Creation of a new image: Dockerfile

A Dockerfile is a script, composed of various commands (instructions) and arguments listed successively to automatically perform actions on a base image in order to create (or form) a new one.

  FROM ubuntu

  MAINTAINER Romin Irani (email@domain.com)

  RUN apt-get update

  RUN apt-get install -y nginx

  ENTRYPOINT [“/usr/sbin/nginx”,”-g”,”daemon off;”] # An ENTRYPOINT allows you to configure a container that will run as an executable.

  EXPOSE 80

Build docker image:

  $ docker build -t my_nginx_image --no-cache .

Login on Docker Hub with your credentials:

  $ docker login                                                                                                                                                                                             
    Login with your Docker ID to push and pull images from Docker Hub. If you don't have a Docker ID, head over to https://hub.docker.com to create one.                                                                             
    Username: mtangaro                                                                                                                                                                                                               
    Password:                                                                                                                                                                                                                        
    Login Succeeded  

Ship a Docker Image:

  docker push repository_name/my_nginx_image

Docker Hub Automated build

Prerequisites: To perform Docker Hub automatic build you need a Docker Hub and on the hosted repository provider (GitHub or Bitbucket) accounts.

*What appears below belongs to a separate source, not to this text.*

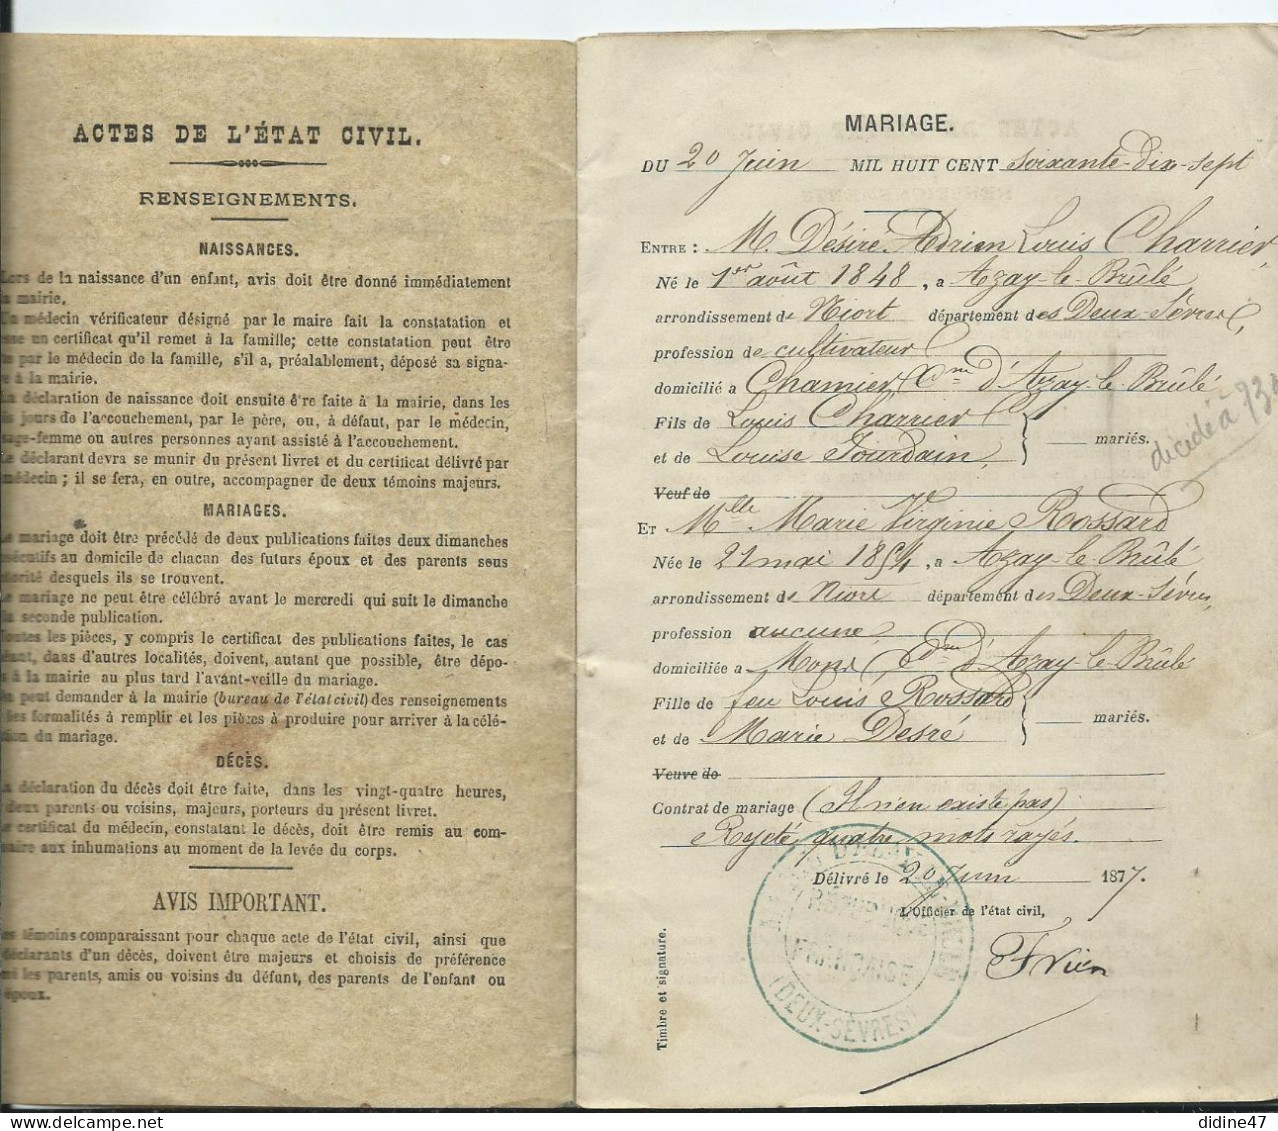 LIVRET DE FAMILLE- MARIAGE à AZAY LE BRÛLÉ Le 20 Juin 1877 - Historical Documents

  1. Create new Github (or bitbucket) repository.

  2. Upload the Dockerfile on GitHub/Bitbucket. Github GitHub_Dockerfile

  3. Login on Docker Hub and select “Create Automated Build” from Create menu. Create_automated_build

  4. Link Github/Bitbucket repository to Docker Hub.

  5. Select your repository with the Dockerfile. select_repo

  6. Trigger a build from “Build Settings” tab. trigger_build

  7. Pull or Run your image. image_ready

Galaxy Docker container

A Docker launching a Galaxy instance and

  • FTP-Server
  • Webserver
  • Scheduler
  • Process control UI
  • ToolShed ready
  • Interactive Environment ready

Link to galaxy docker stable

Link to galaxy docker stabke usage

Run Galaxy Docker:

$ docker run -d -p 9080:80 -p 9021:21 --name galaxy-stable bgruening/galaxy-stable

$ docker ps
CONTAINER ID        IMAGE                     COMMAND              CREATED             STATUS              PORTS                                                                     NAMES
0e066ba9b720        bgruening/galaxy-stable   "/usr/bin/startup"   12 seconds ago      Up 11 seconds       443/tcp, 8800/tcp, 9002/tcp, 0.0.0.0:9021->21/tcp, 0.0.0.0:9080->80/tcp   galaxy-stable

$ docker exec -it galaxy-stable /bin/bash
root@0e066ba9b720:/galaxy-central#

docker_galaxy

Hands On! (3)

Launch a Galaxy Docker Container and try to:

$ docker run -d -p 9080:80 -p 9021:21 --name galaxy-stable bgruening/galaxy-stable
  • Add Data

  • Register and Become an Admin

  • Restart Galaxy
    • Hint: edit galaxy.ini file then restart docker with
      docker restart [OPTIONS] CONTAINER [CONTAINER...]
      
  • Use export mounts (persistent data)
    docker run -d -p 9080:80 -p 9021:21 -v $HOME/galaxy_storage/:/export/ bgruening/galaxy-stable
    
  • Trouble shooting (logging)
    docker run -d -p 9080:80 -p 9021:21 -e "GALAXY_LOGGING=full" bgruening/galaxy-stable
    
    docker exec -it <container name> bash
    

    Once connected to the container, log files are available in /home/galaxy/logs.

  • Install tools …

Exteding the Docker image: Galaxy flavors

Tools that are already included in the Tool Shed, can be installed to customize Galaxy docker image (Galaxy flavor) with the following steps.

Create flavors

  1. Create Dockerfile

  2. Use the Galaxy Docker Image as base image and build your own extensions on top of it.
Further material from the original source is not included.